_DESCRIPTION OF THE TASK:_ Copy out exactly the stretch of the listing below that begins at the line containing "Pin By Kiran" and ends at the line containing "LazyTime Sofa", and copy nothing outside it.

_PROVIDED MATERIAL:_
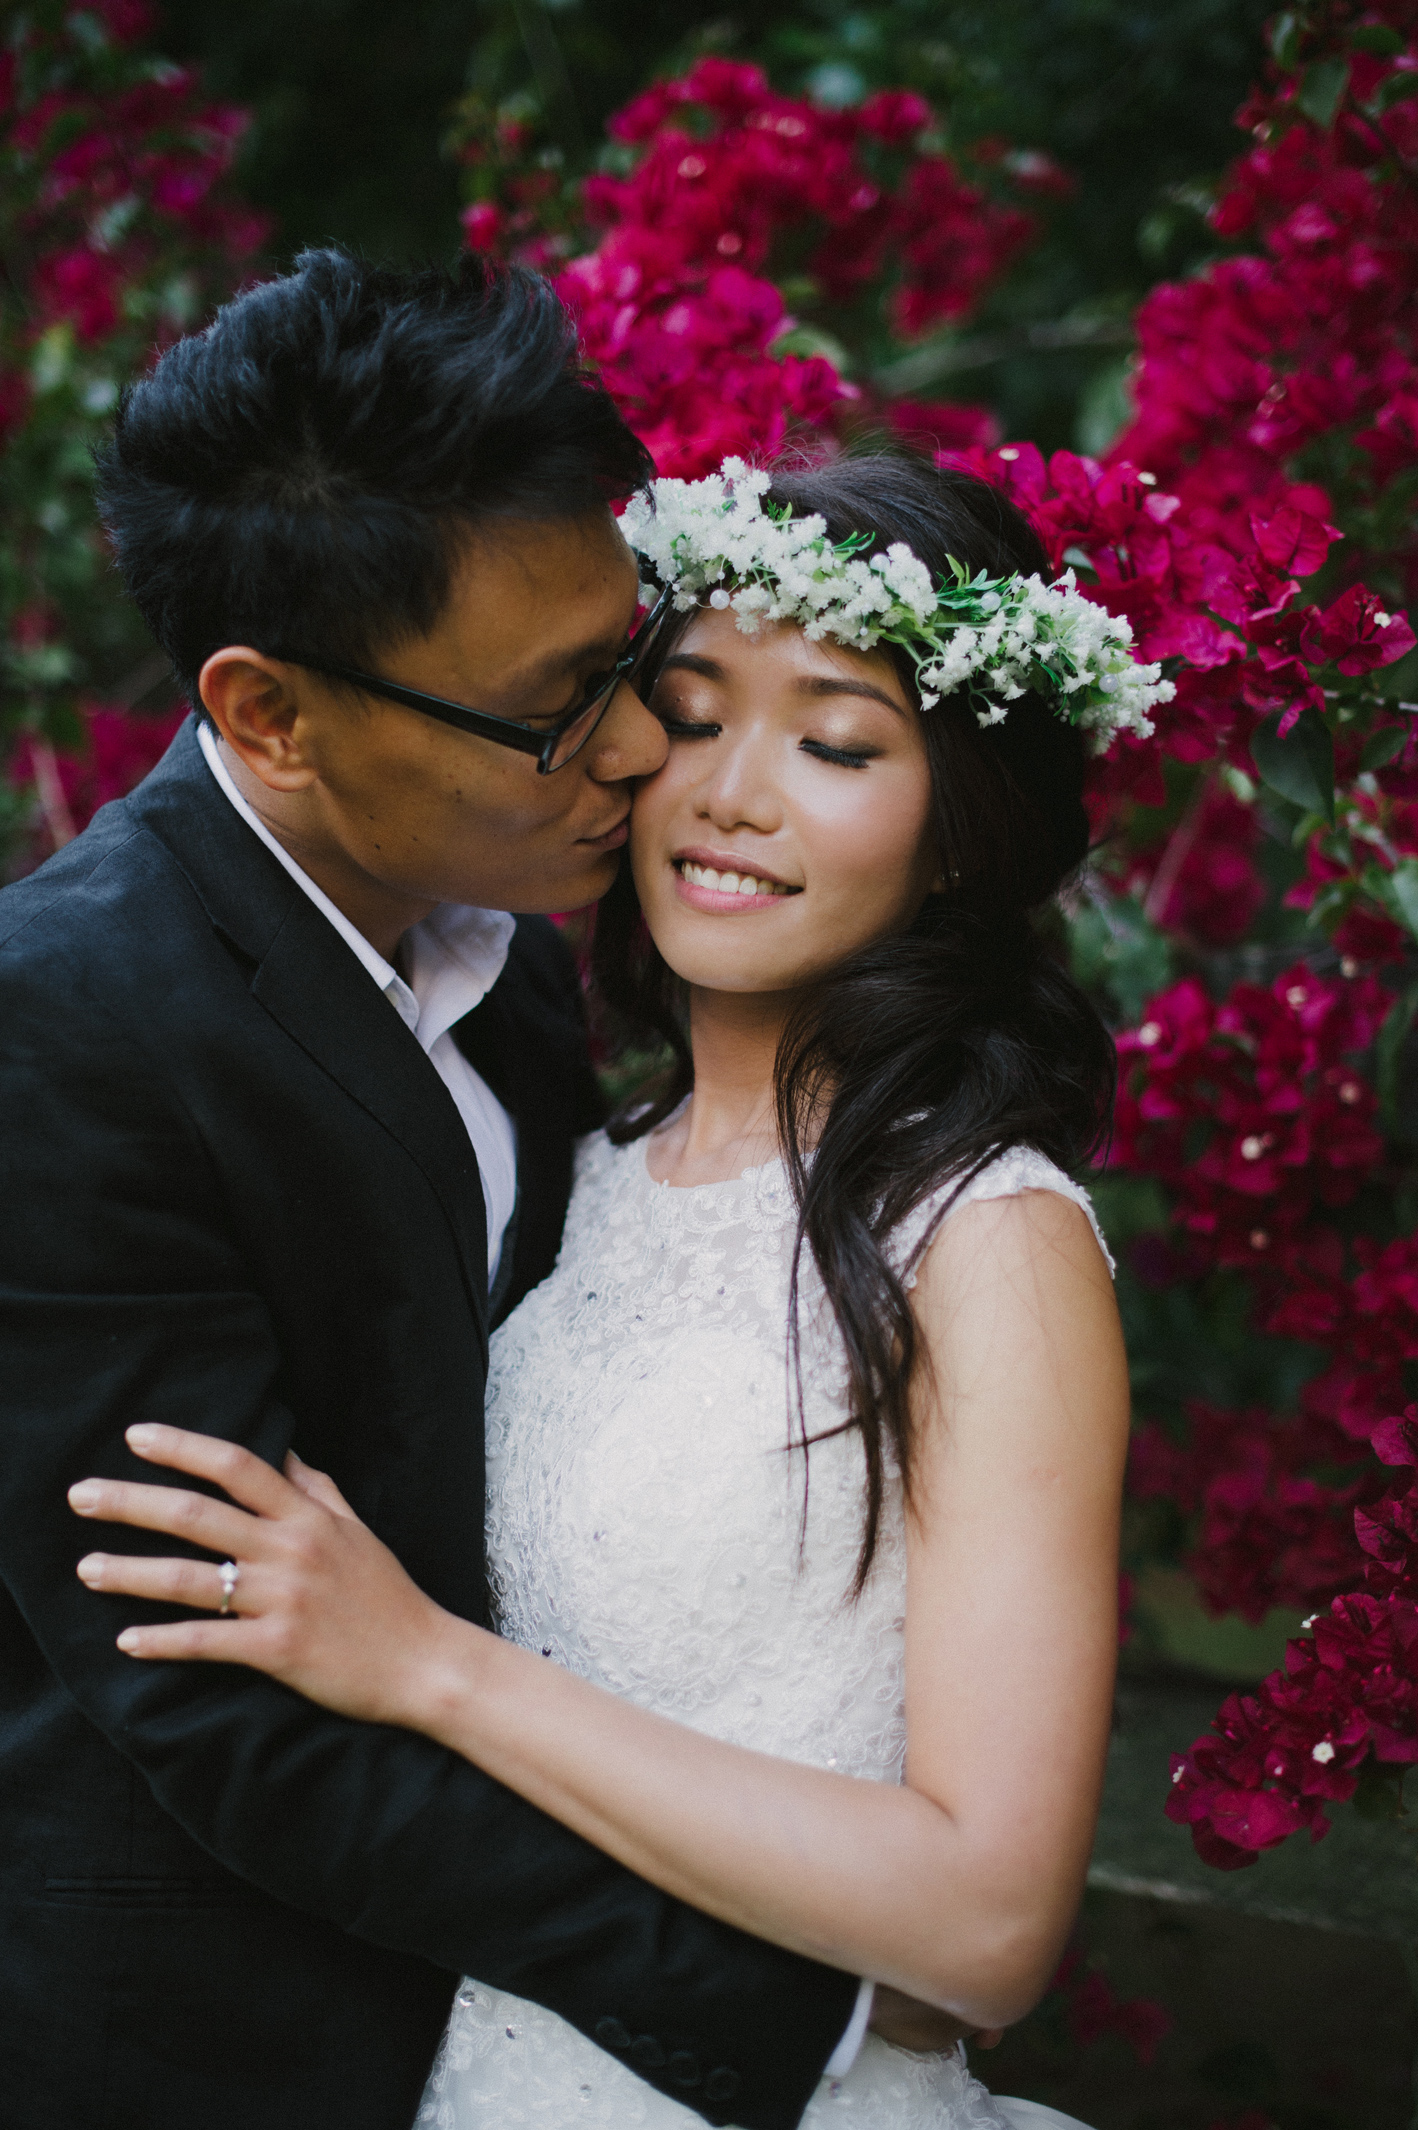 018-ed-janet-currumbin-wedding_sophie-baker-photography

--

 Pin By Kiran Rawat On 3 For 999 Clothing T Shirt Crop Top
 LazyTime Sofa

...

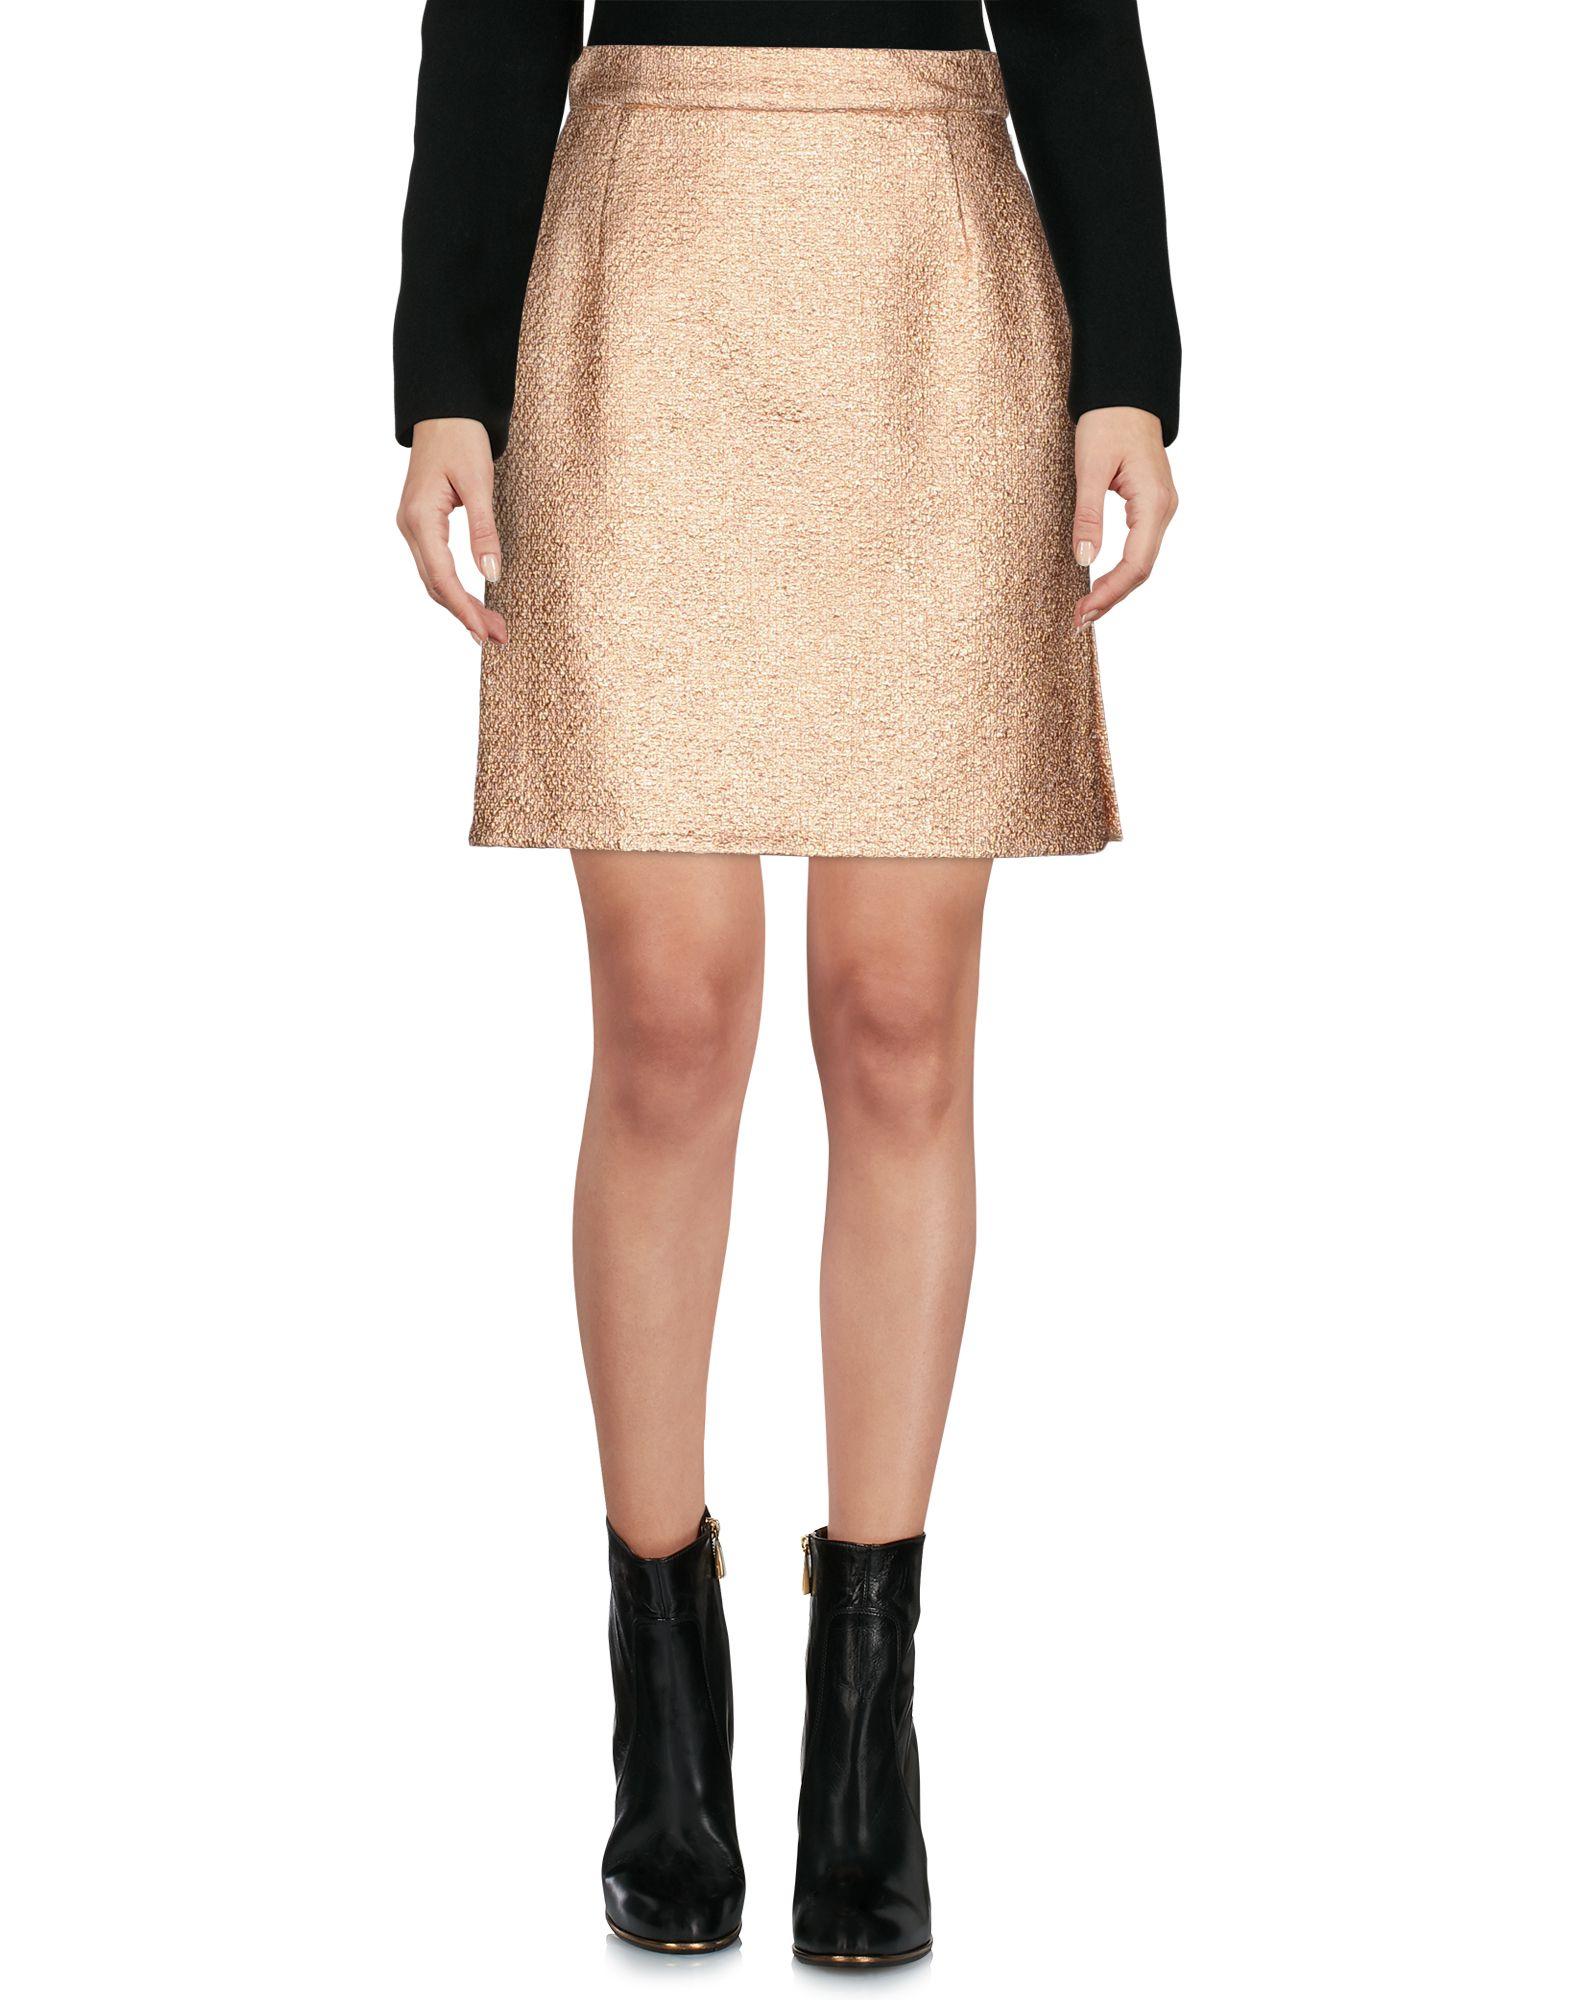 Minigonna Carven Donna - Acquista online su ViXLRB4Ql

_TASK RESPONSE:_
 Pin By Kiran Rawat On 3 For 999 Clothing T Shirt Crop Top
 LazyTime Sofa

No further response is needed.